__TASK STATEMENT__. Word for word, print each line of the listing below; pictures stay out.

__DATA SECTION__.
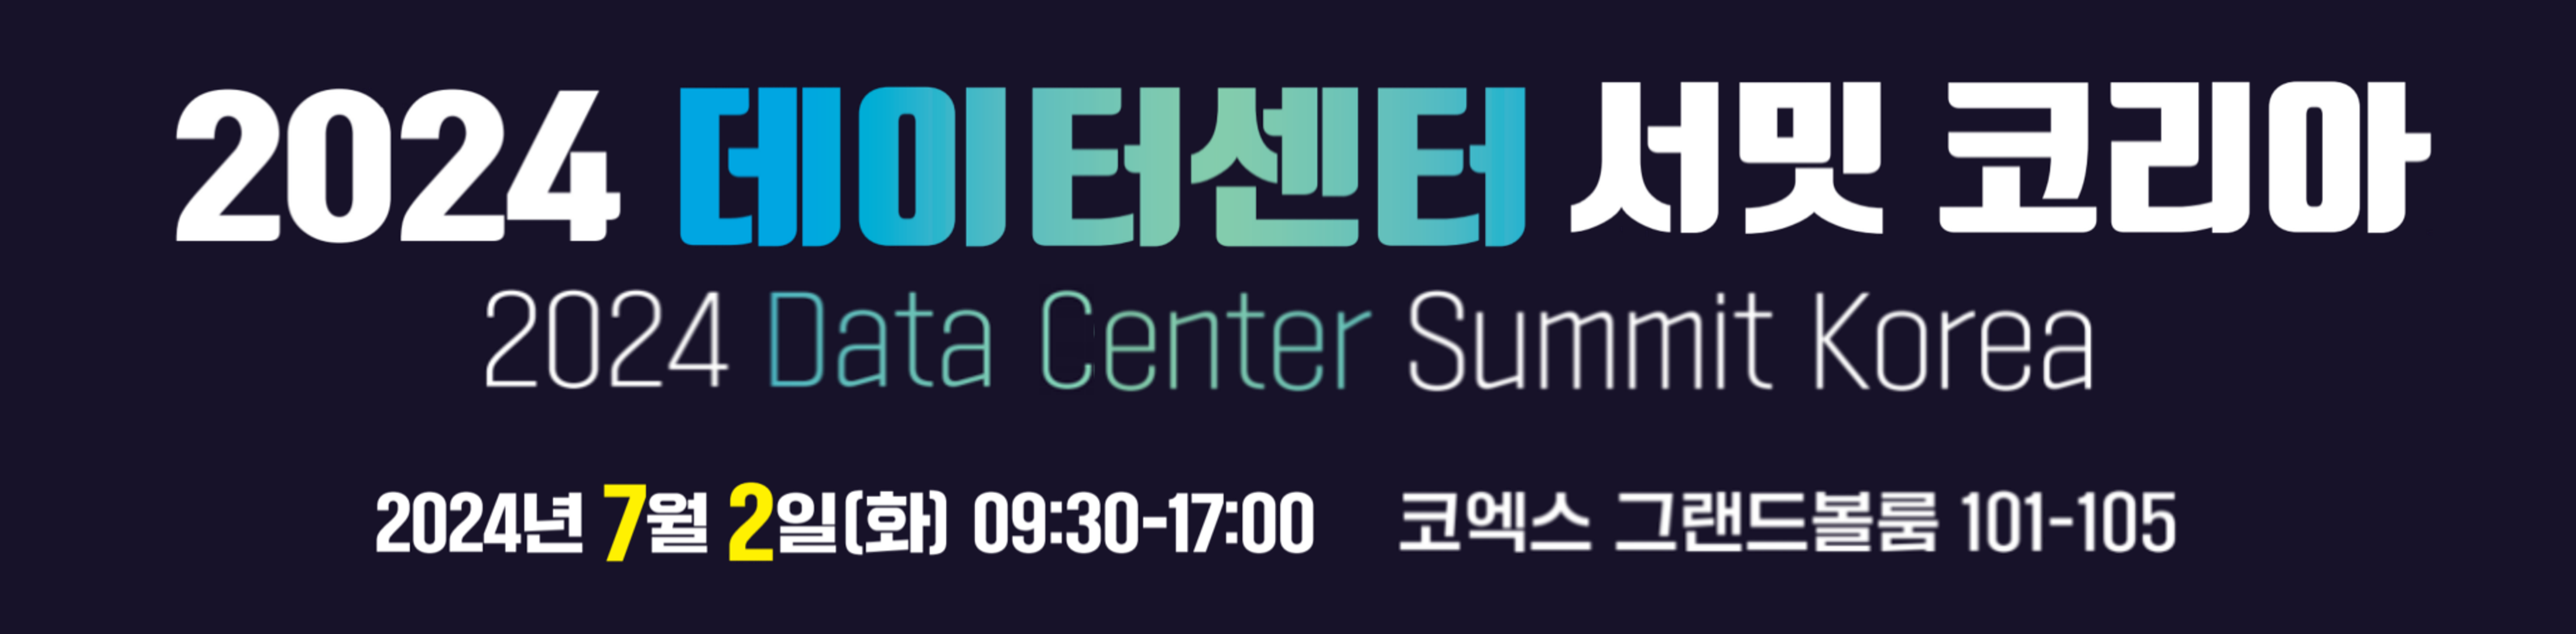 2024 Data Center Summit Korea – COEX Convention & Exhibition Center – Seoul – July 2, 2024
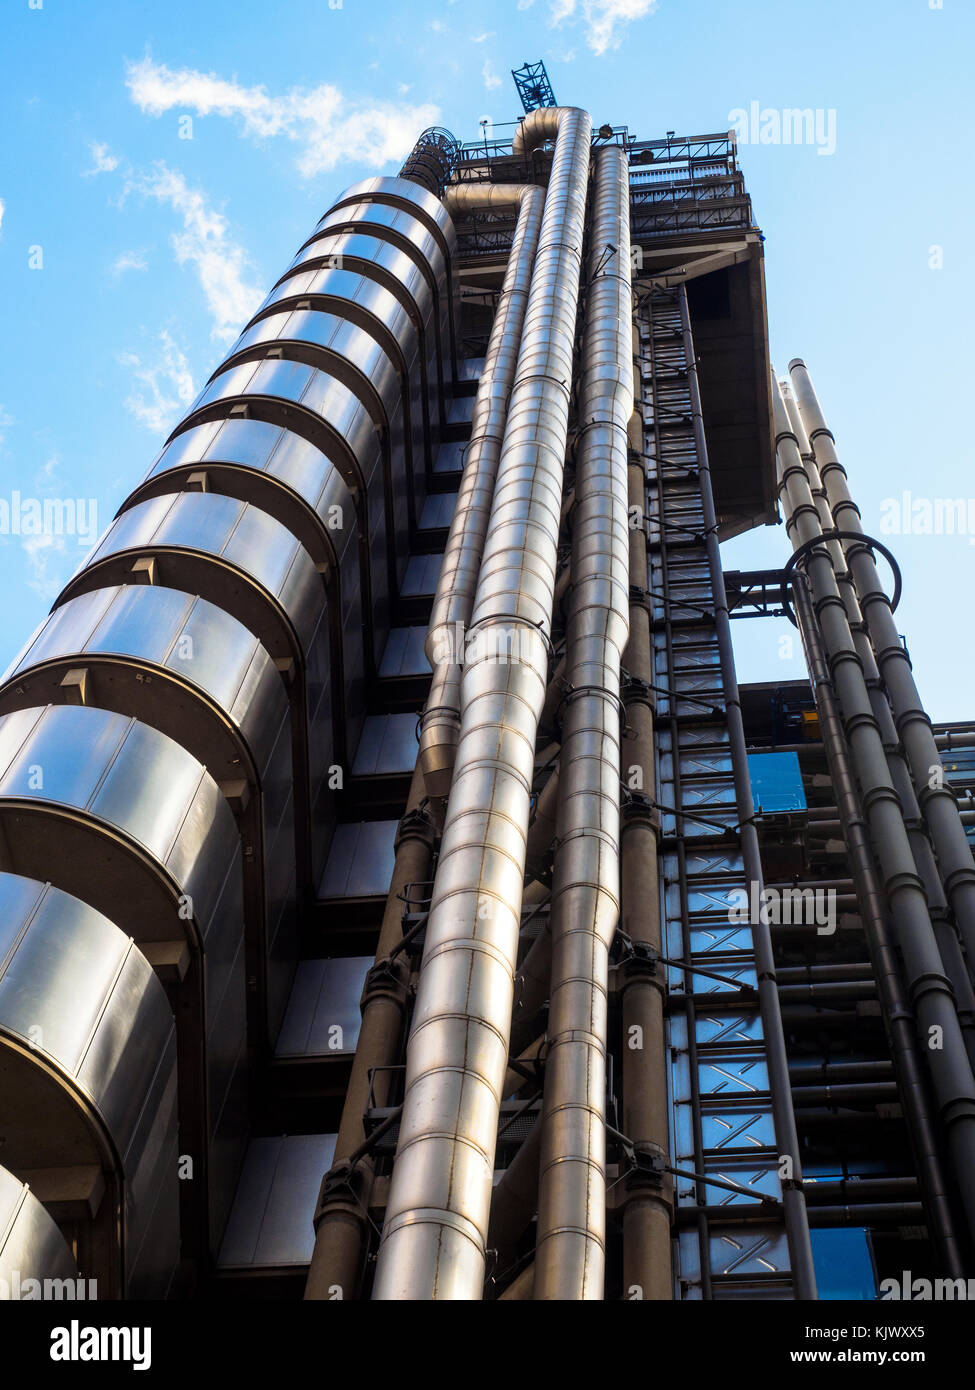 Dettagli architettonici del Lloyds of London building - Londra, Inghilterra Foto Stock
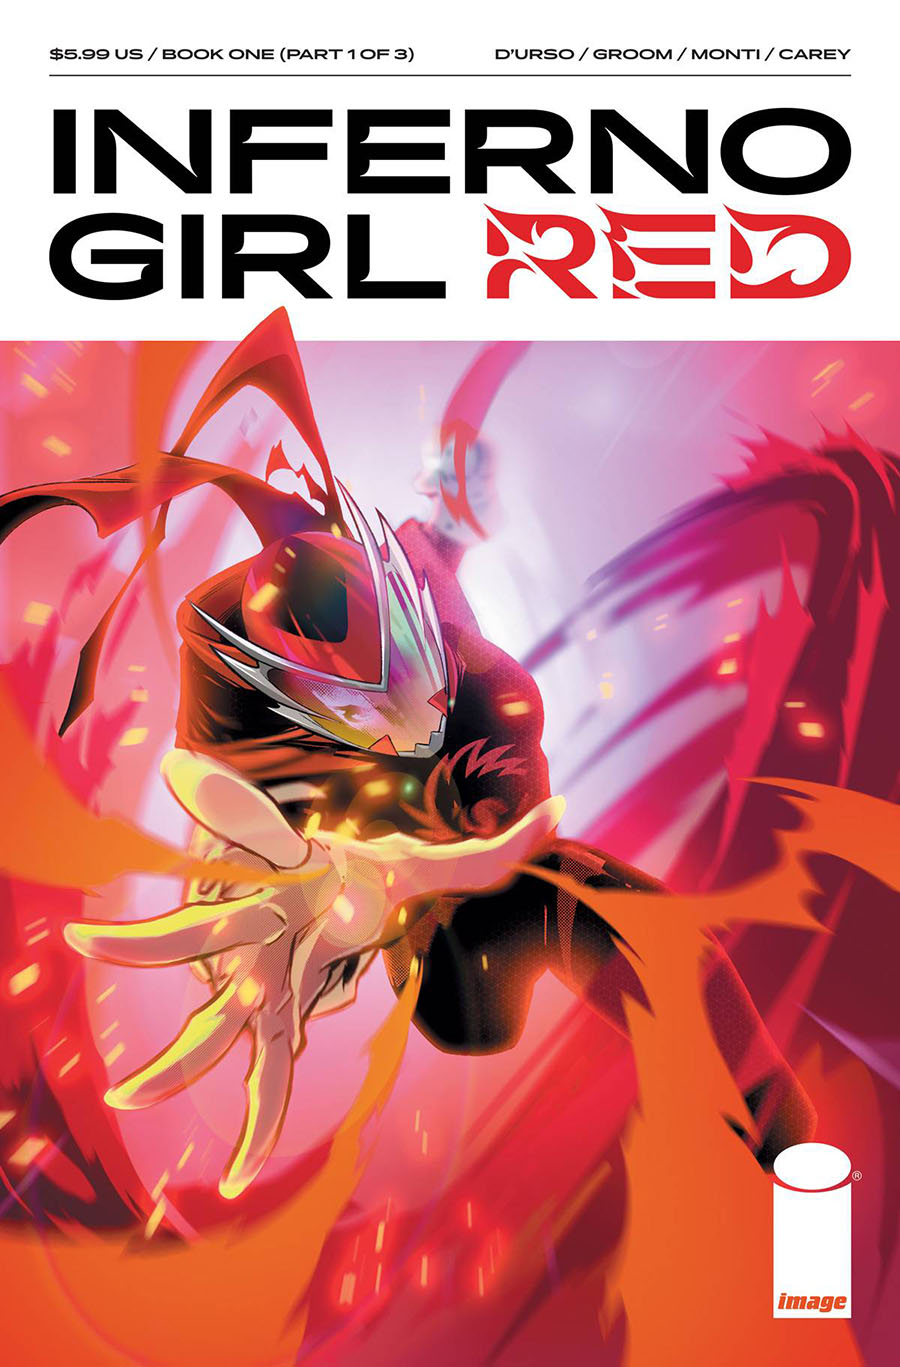 Inferno Girl Red Book 1 #1 Cover B Variant Francesco Manna Cover

__WRITTEN ANSWER__.
 2024 Data Center Summit Korea – COEX Convention & Exhibition Center – Seoul – July 2, 2024
 Dettagli architettonici del Lloyds of London building - Londra, Inghilterra Foto Stock
 Inferno Girl Red Book 1 #1 Cover B Variant Francesco Manna Cover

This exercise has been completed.